J’ai bien essayé de lui faire comprendre ce phénomène qui me perturbe énormément mais
subitement elle a changé de sujet et finalement je suis ressortie de cette consultation plus
mal en point qu'avant.
La psychologue m’a donné un prochain rendez-vous pour la mi-janvier avec le psychiatre.
J’avais rendez-vous à 10h00 du matin, j’ai dû patienter durant vingt minutes avant d'être
reçue. Les éclats de rire qui me parvenaient aux oreilles me faisaient douter qu'il était en
consultation.
Il faut aussi souligner que son côté colonel, imposant me faisait à chaque fois craindre les
entretiens qui se déroulaient avec lui.
Aux environs de 10h25 sa porte s’ouvrit et ce médecin me fit entrer dans son cabinet et
comme je l'avais pressenti il n’y eut aucune personne qui en sortait ce qui signifie qu'il était
en correspondance téléphonique durant cette attente.
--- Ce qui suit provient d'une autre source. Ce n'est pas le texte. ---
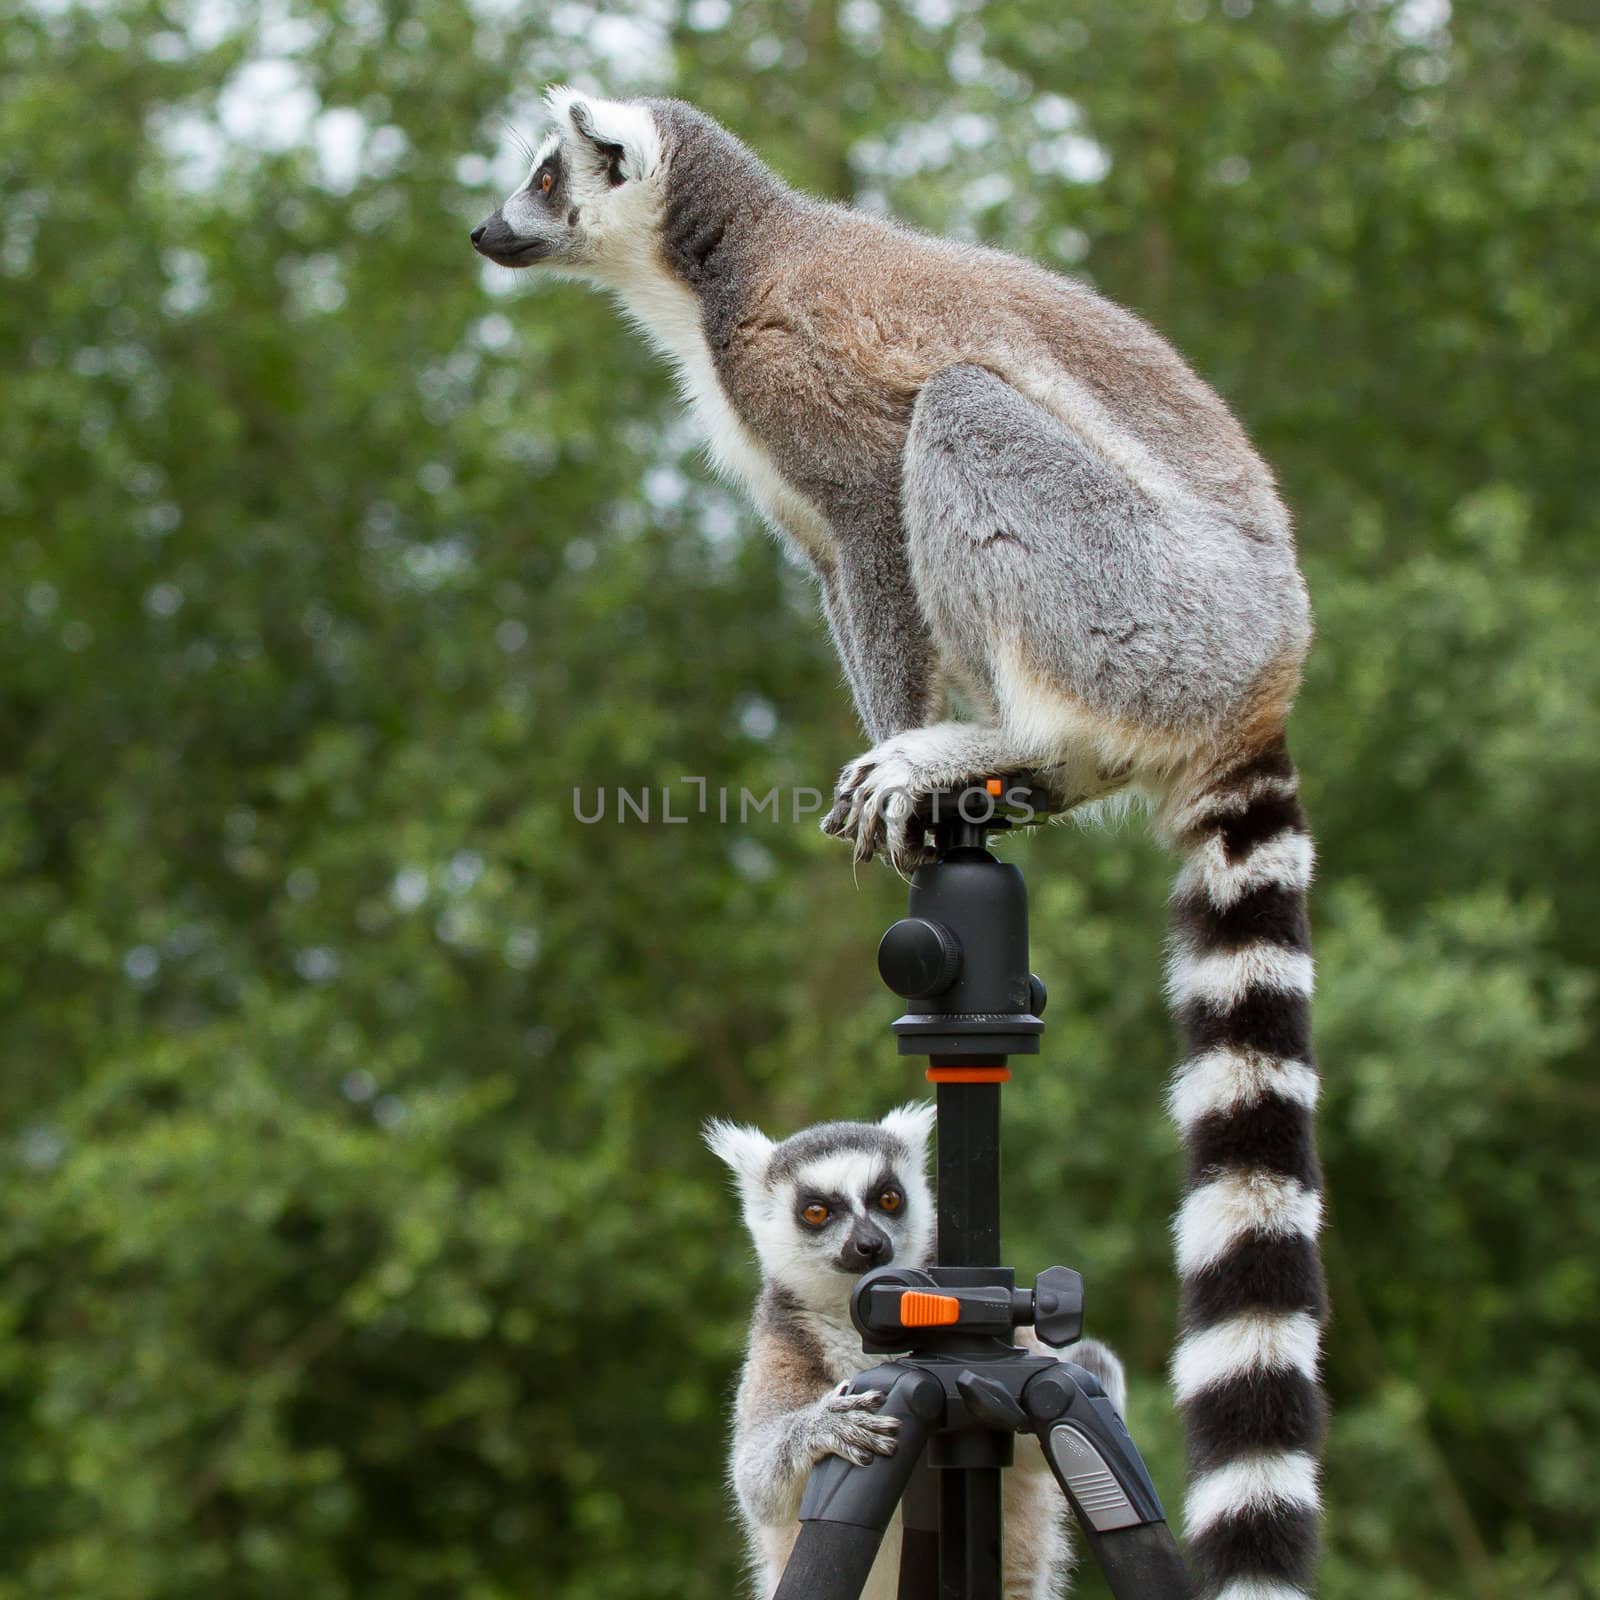 Ring-tailed lemur sitting on tripod by michaklootwijk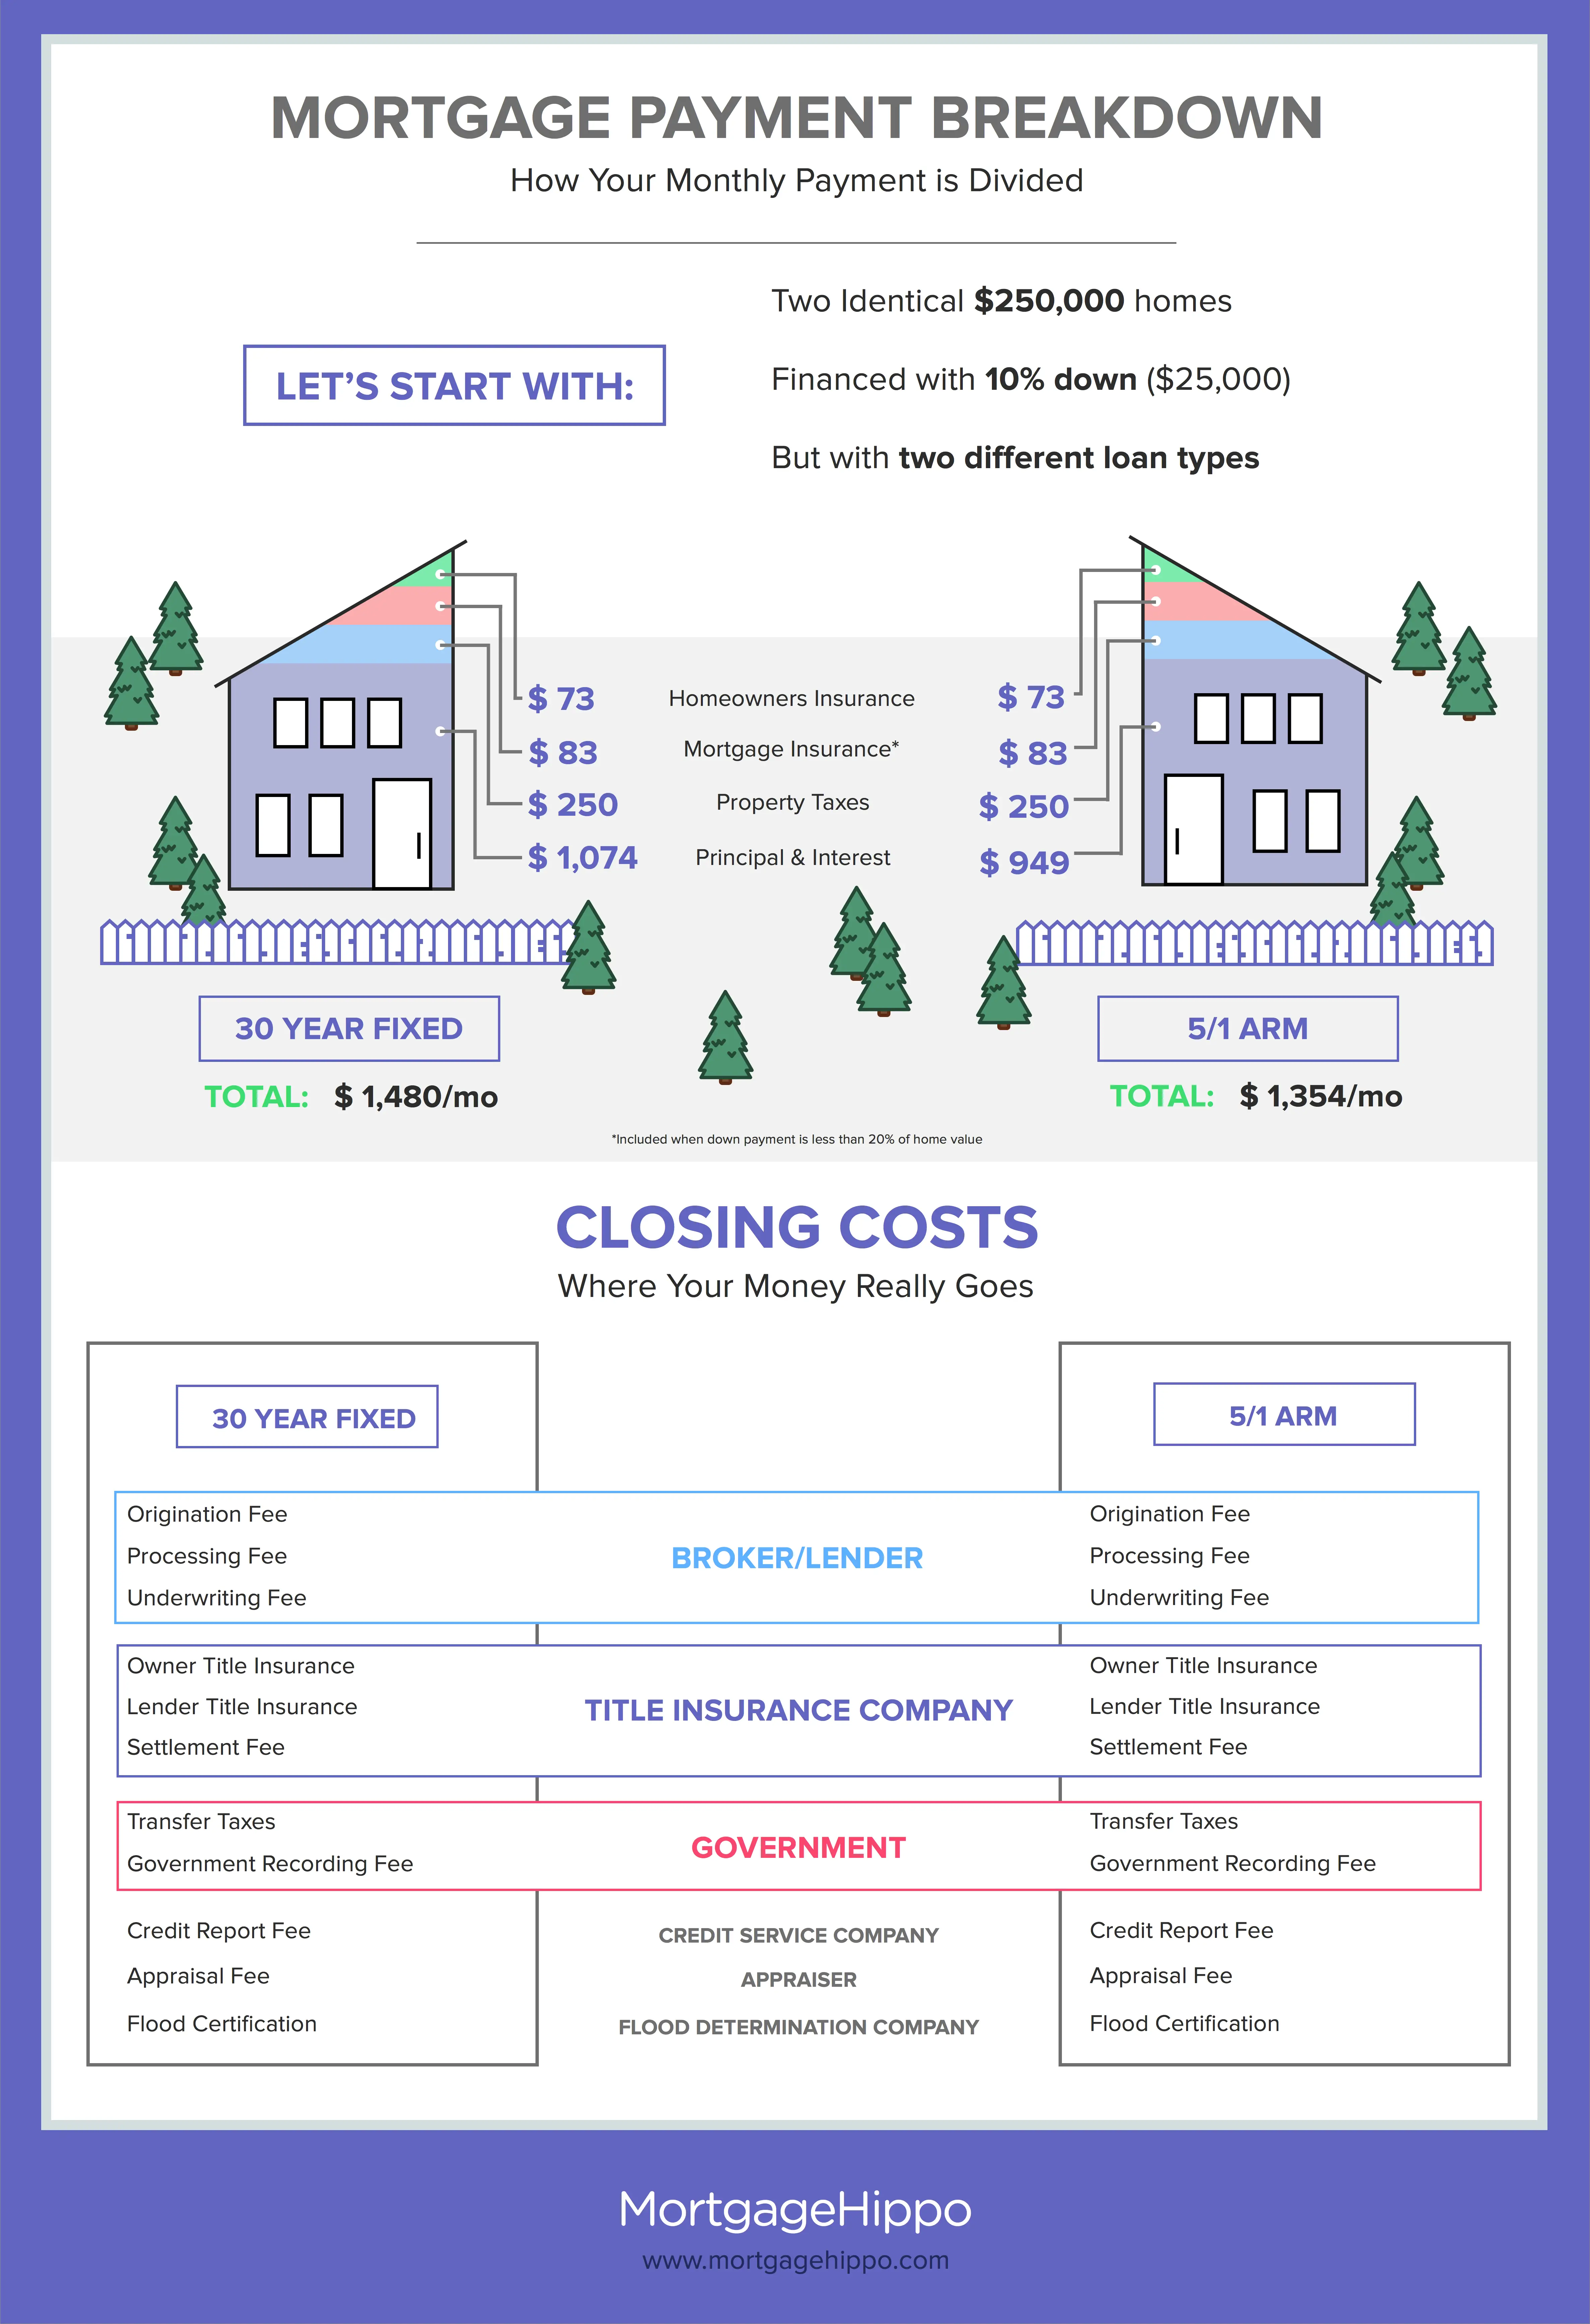 Monthly Mortgage Payment and Closing Costs Breakdown â MortgageHippo

D’après les éclats de rire que j’avais entendus il ne s'agissait certainement pas d'une
consultation en urgence avec une patiente. Ensuite, le psy cherchait partout mon dossier.
Aucune idée où il se trouvait, comment pouvait-il être au courant de mon évolution et de
mes problèmes s’il n’avait pas préalablement pris la peine de le consulter. Il est 10H30
lorsque la consultation peut débuter.
Comme je n'allais vraiment pas bien à ce moment-là, j'ai voulu lui expliquer qu'il me
semblait important, qu'à n'importe quel âge, il puisse y avoir une thérapie familiale qui se
mette en place pour permettre à tous les membres de comprendre la réaction de la victime
qui se trouve au fond du trou et fait une tentative de suicide. Lorsque ce déclencheur arrive
et que la famille n'est pas au courant de l'extrême souffrance de la victime elle se retrouve
incrédule et effondrée comme après un cataclysme qui débarque subitement dans leur
existence jusqu'alors protégée de toutes tempêtes.
Au lieu de prendre vraiment le temps de m’écouter afin de me sécuriser, je fus à nouveau
accusée de vouloir délibérément détruire mon époux, mes enfants et tous mes proches. Il
m'exhorta à enterrer définitivement ce passé que je n'arrivais plus à supporter comme un
dictateur voulant écraser ses sujets encombrants. Je me suis sentie si petite, si impuissante,
si vulnérable que j'ai puisé dans mes ultimes forces du désespoir pour lui dire que je ne
parlais pour ainsi dire plus de mon passé depuis assez longtemps et que mes filles
comprenaient très bien ma situation et soutenaient moralement mon combat pour cette
cause. Alors le dictateur s'est empressé de me souligner, puisque tout allait bien dans le
meilleur des mondes, que l'entretien pouvait se terminer illico car il y avait déjà plusieurs
autres patients qui attendaient.
Je suis sortie du cabinet complètement effondrée avec un sentiment de culpabilité envers
tout le monde, j’étais comme une folle qui détruisait la vie de tout mon entourage. Dans ma
tête trottait le leitmotiv asséné à chaque consultation "IL FAUT OUBLIER ; C'EST POUR
VOTRE BIEN".
Comment pouvait-il savoir quel était mon bien puisqu'il n'a jamais essayé de comprendre
que ce passé si douloureux fait partie intégrante de ma vie parce que ce sont mes uniques
souvenirs d'enfance. A moins d'être devenus complètement amnésiques, qu'ils soient bons
ou mauvais n'est-il pas vrai pour tous que les souvenirs d'enfance ne s'effacent jamais.